Suella Braverman.jpg

Credit: Wikimedia Commons / David Woolfall

On a recent trip to America, the darling of the Tory right – and then home secretary – Suella Braverman, paid a visit to the American Enterprise Institute (a right-wing policy thinktank based in Washington DC) to give her view on global migration. She announced that being gay or a woman is not enough to qualify for asylum. She argued that allowing asylum cases based on homophobic or misogynistic persecution is “unsustainable”. Other voices (including from her own party) accused her of singling out vulnerable groups so that she could cultivate her image as a hardline migration sceptic. 

Suella Braverman is an infamous figure in the so called ‘culture wars’ and has gained a sizeable following for her unrestrained remarks, especially for her regular attacks on trans people. She first joined the cabinet in 2020 as attorney general, but she truly gained national prominence in the battle to succeed Boris Johnson. During the leadership contest she gained traction as a favoured candidate of the hard right and, although she was eliminated after the second ballot (out of 6), this support was enough to see her promoted to home secretary.  

 

Her career has been mired by rows, controversies, and scandals: as Attorney General she was criticised by members of the Bar Council (legal regulators) for her poor judgement; her first stint as home secretary was cut short after she broke the ministerial code - impressively lasting a day less than Liz Truss; she has expressed desire to leave the European Convention of Human Rights to more easily implement the Rwanda deportation scheme; she frequently derides ‘radical gender ideology’; she has been chastened by the Independent Press Standards Organisation for her racist characterisation of Pakistani men as predators; and most recently, she was sacked by Rishi Sunak for criticising the police for being too lenient towards pro-Palestinian protestors. But the controversy considered here is her claim that allowing refugees to claim asylum based on the reprisals they face for their sexuality is "unsustainable". 

 

The data speaks for itself when assessing the scale of the pressures faced by the home office. In 2022, 74,751 asylum claims were made. Of these, 1,334 involved sexual orientation as a component of each claim. This represents 1.78% of claims (a very small portion). It should also be noted that this does not say anything about the outcomes of the claims, or what influence this had on the claims, or what else made up each claim. But it does seem to rather comprehensively undermine her own claim.

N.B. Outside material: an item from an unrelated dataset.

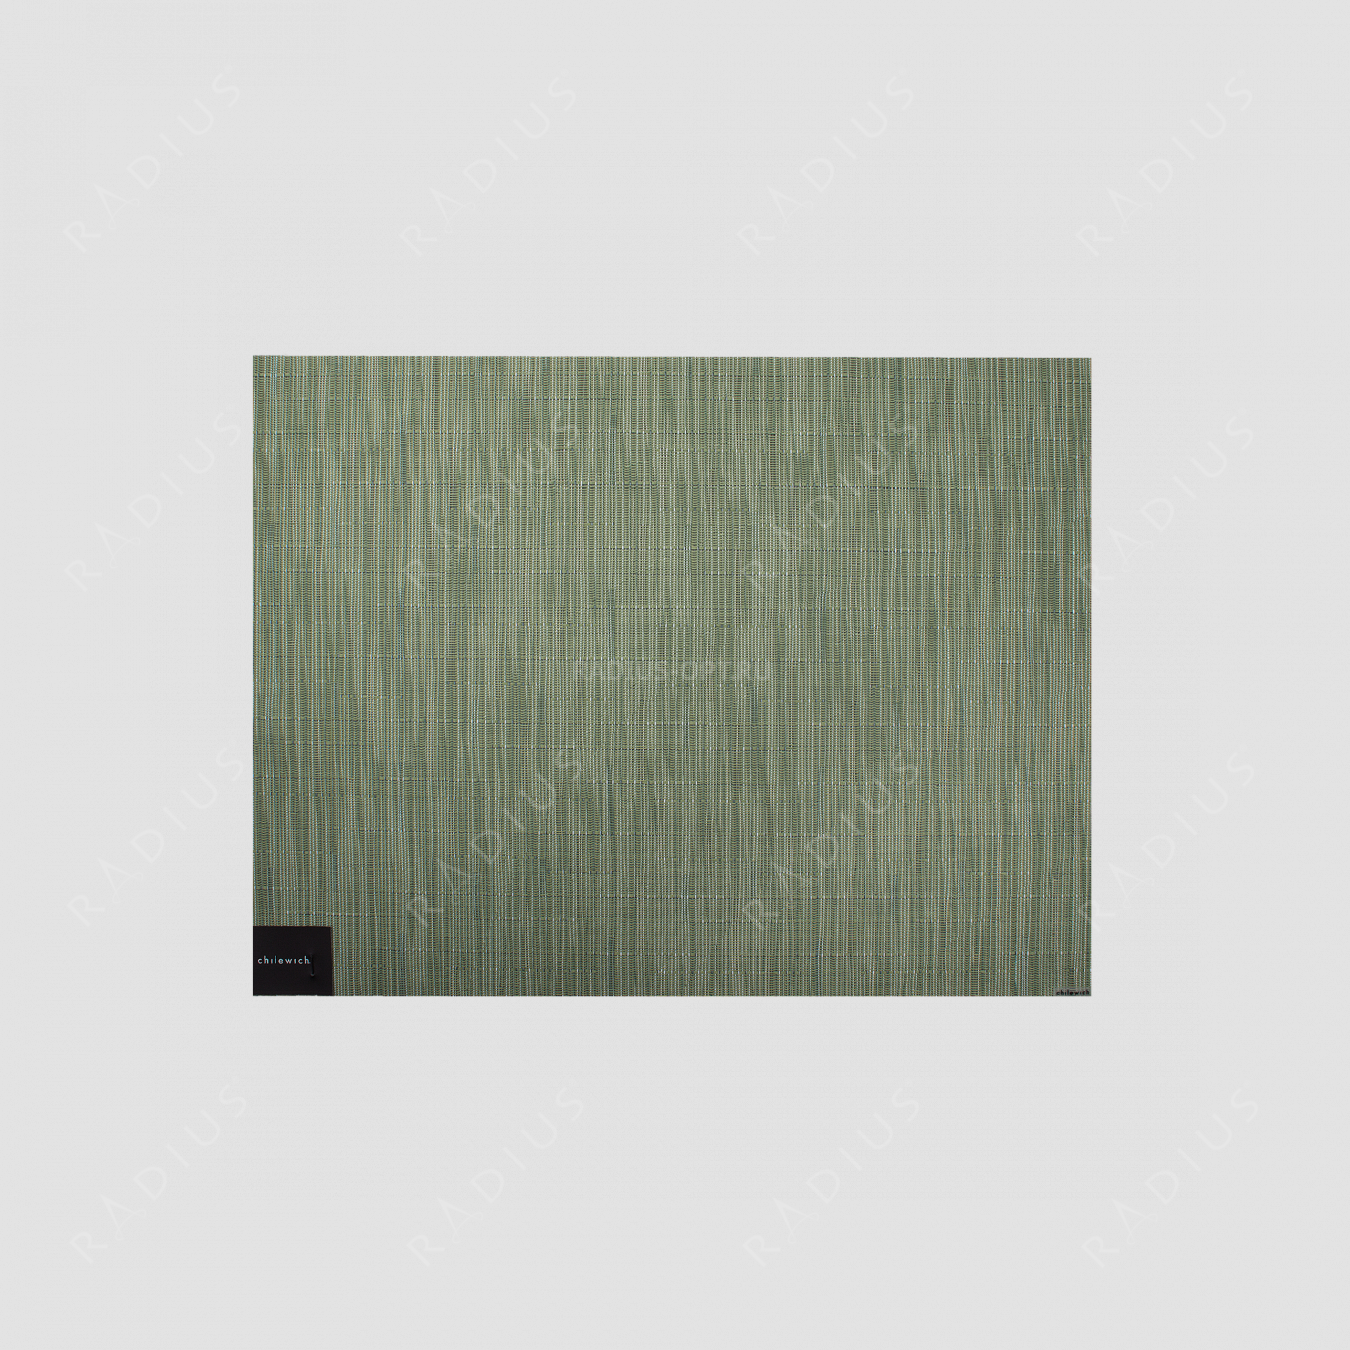 Салфетка подстановочная, жаккардовое плетение, винил, (36х48) Spring Green, серия Bamboo, CHILEWICH, США

Information about the nationality of claimants where sexuality made up part of the application is also available. The most common nationalities, by some margin, were Pakistani, Bangladeshi, and Nigerian. This is important because being gay in any is highly illegal: simply being LGBTQ+ in all of these can result in a prison sentence for life, and even execution in northern Nigeria. People don’t only need to fear their governments since homophobic and transphobic violence from their fellow citizens is also very common.

It should be obvious why queer asylum seekers from extremely oppressive communities and countries may want to leave and attempt to build a new life for themselves somewhere where the state tolerates their existence. To quote Suella Braverman in her speech, “Let me be clear, there are vast swathes of the world where it is extremely difficult to be gay”. But following that inciteful statement by denying sanctuary to queer migrants fleeing persecution betrays her disingenuity. It implies that either she doesn’t understand the extent of the hardship and threat that comes with being LGBTQ+, or she does, and has concluded that it doesn’t matter. 

 

Unfortunately, it seems to be the latter. So far, homophobic, transphobic, and racist rhetoric has been very successful in backing up her ‘tough on immigration’ and ‘culture war’ credentials which have catapulted her to prominence. It certainly can’t have been her ministerial accomplishments.  

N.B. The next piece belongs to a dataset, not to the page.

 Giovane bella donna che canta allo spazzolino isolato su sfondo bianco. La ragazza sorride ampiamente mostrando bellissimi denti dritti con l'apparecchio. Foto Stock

At present, she is a big name with a strong following in a party in crisis. Sunak’s government has been trailing Labour in the polls for months now and Labour seems certain to triumph at the next election. Having lost donors and so much public support, a lost election would put Sunak’s leadership in contention and Braverman would be a prime candidate for succession. To that end, this abhorrent rhetoric is a means for her to appeal to the Tory membership that would be responsible for picking their next leader. She cares more about how her words are received than what she says, or what consequences they bring. In the speech in question, she called for wider review of the 1951 UN Refugee Convention – the one that established the principle that those individuals at risk from violence or persecution in their home country should not be returned there - an idea dismissed by the UK branch of the UNHRC. International consensus building to the extent of worldwide treaty reform is difficult and takes decades, the idea that the woman known for her uncompromisingly harsh rhetoric toward immigrants and minorities is capable of leading this effort seems… optimistic – unless it’s all about the optics. 

 

This idea might sound a little conspiratorial, yet it is supported by a breakdown of party discipline. In the same speech in which she denigrated the struggles of gay asylum seekers, she also claimed that multiculturalism has failed in Britain. That drew fire from fellow members of the Conservative right and was even rebuked by Sunak himself at conference. But not doing the same for her attacks on LGBTQ+ people, suggests that any taboos around homophobia may be crumbling.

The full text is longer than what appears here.